Sykes and his colleagues were able to control a molecular motor with electricity by using a state of the art, low-temperature scanning tunneling microscope (LT-STM), one of about only 100 in the United States. The LT-STM uses electrons instead of light to “see” molecules.

The world's first single molecule electric motor may potentially create a new class of devices that could be used in applications ranging from medicine to engineering.

The world's first single molecule electric motor may potentially create a new class of devices that could be used in applications ranging from medicine to engineering.

The team used the metal tip on the microscope to provide an electrical charge to a butyl methyl sulfide molecule placed on a conductive copper surface. This sulfur-containing molecule had carbon and hydrogen atoms radiating off to form what looked like two arms, with four carbons on one side and one on the other. These carbon chains were free to rotate around the sulfur-copper bond.

The team determined by controlling the temperature of the molecule they could directly impact the rotation of the molecule. Temperatures around 5 Kelvin (K), or about minus 450 degrees Fahrenheit (ºF), proved to be the ideal to track the motor’s motion. At this temperature, the researchers were able to track all of the rotations of the motor and analyze the data.

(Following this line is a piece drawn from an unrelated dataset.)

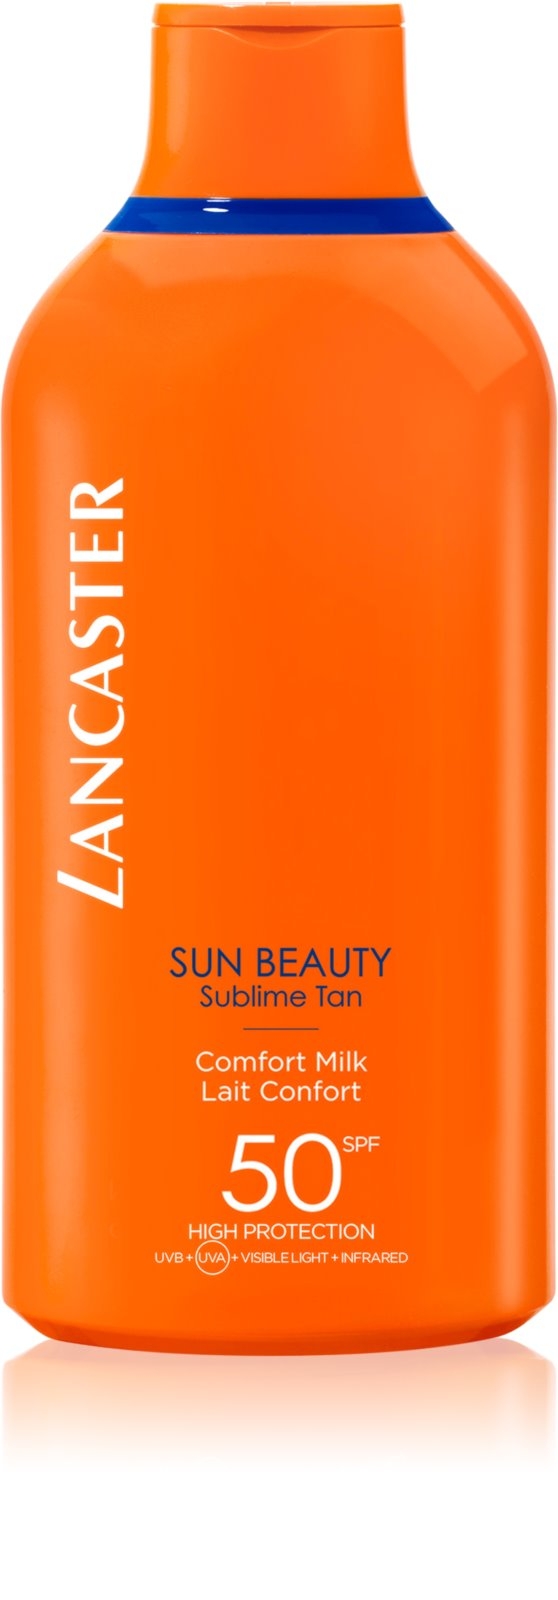 wijn Leger Vervreemden Lancaster SPF 50 Sun Beauty Comfort Milk 400 ml kopen?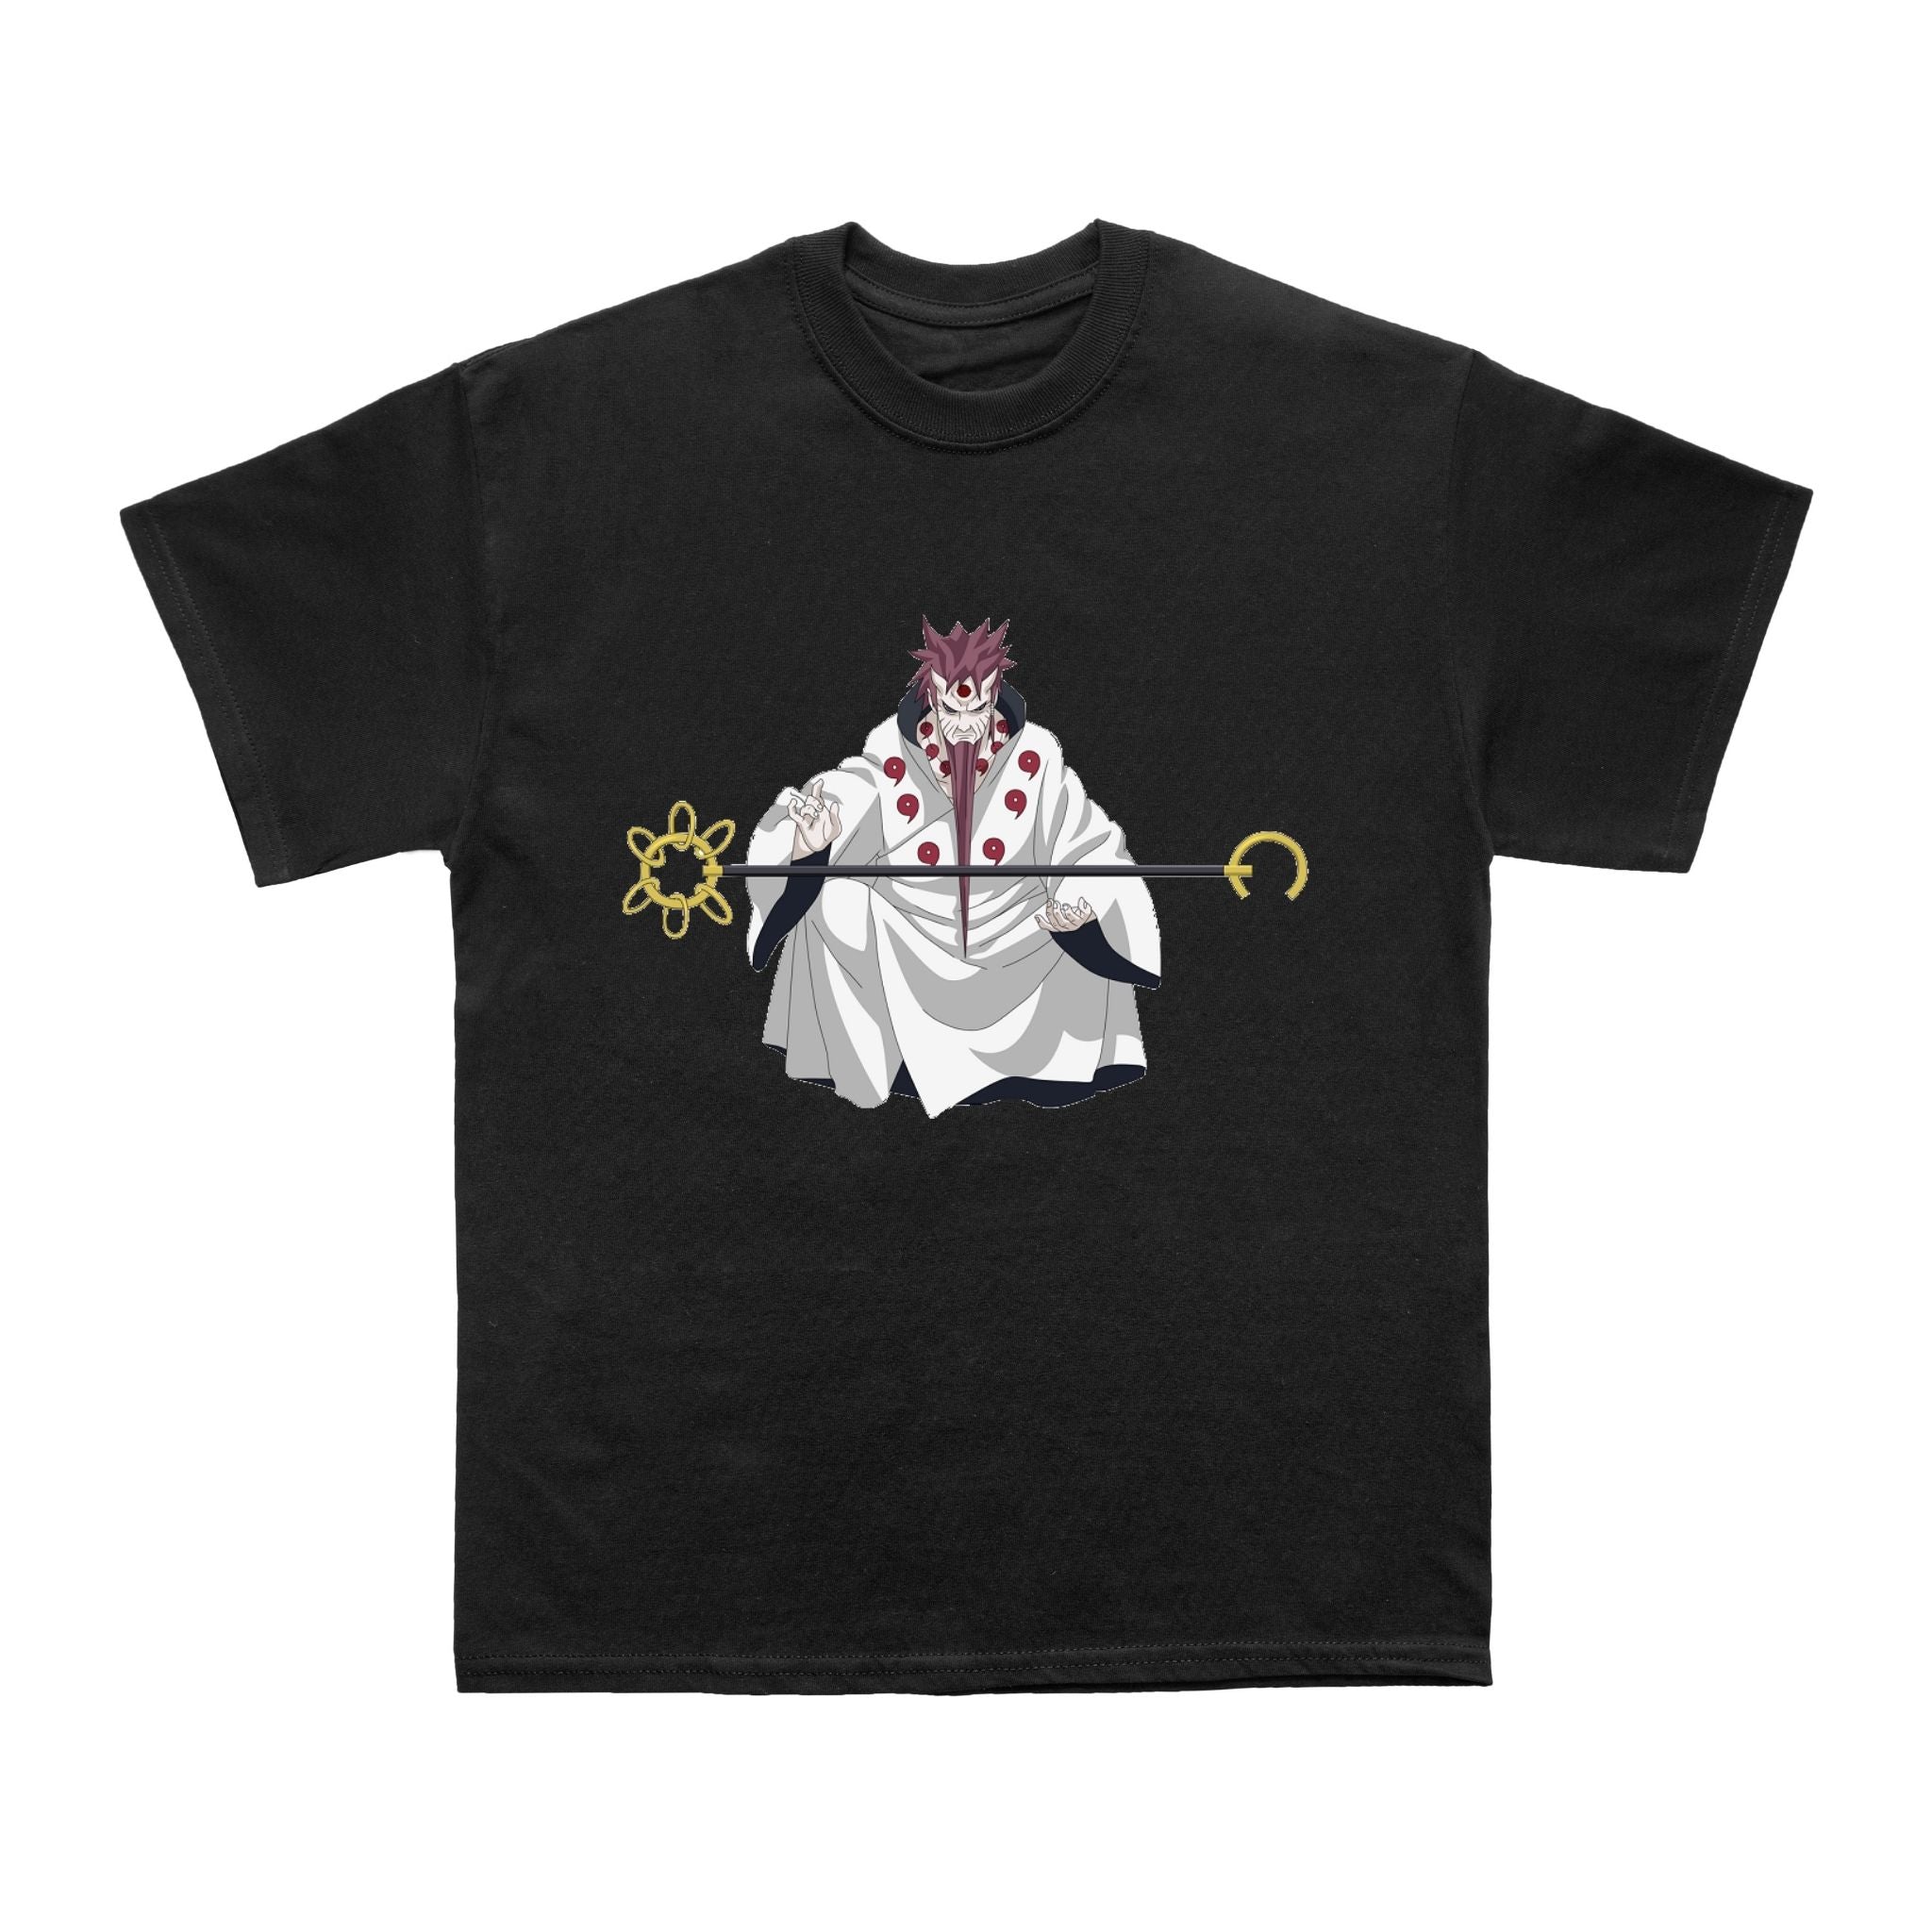 King Ninja Art Anime Inspired T shirt

While there are foreseeable practical applications with this electric motor, breakthroughs would need to occur in the temperatures at which electric molecular motors operate. The motor spins much faster at higher temperatures, making it difficult to measure and control the rotation of the motor.

“Once we have a better grasp on the temperatures necessary to make these motors function, there could be real-world application in some sensing and medical devices which involve tiny pipes. Friction of the fluid against the pipe walls increases at these small scales, and covering the wall with motors could help drive fluids along,” said Sykes. “Coupling molecular motion with electrical signals could also create miniature gears in nanoscale electrical circuits; these gears could be used in miniature delay lines, which are used in devices like cell phones.”

“The next thing to do is to get the thing to do work that we can measure; to couple it to other molecules, lining them up next to one another so they’re like miniature cog-wheels, and then watch the rotation propagation down the chain,” he said.

As well as forming a part of the tiniest machines the world has ever seen, such minute mechanics could be useful in medicine — for example, in the controlled delivery of drugs to targeted locations.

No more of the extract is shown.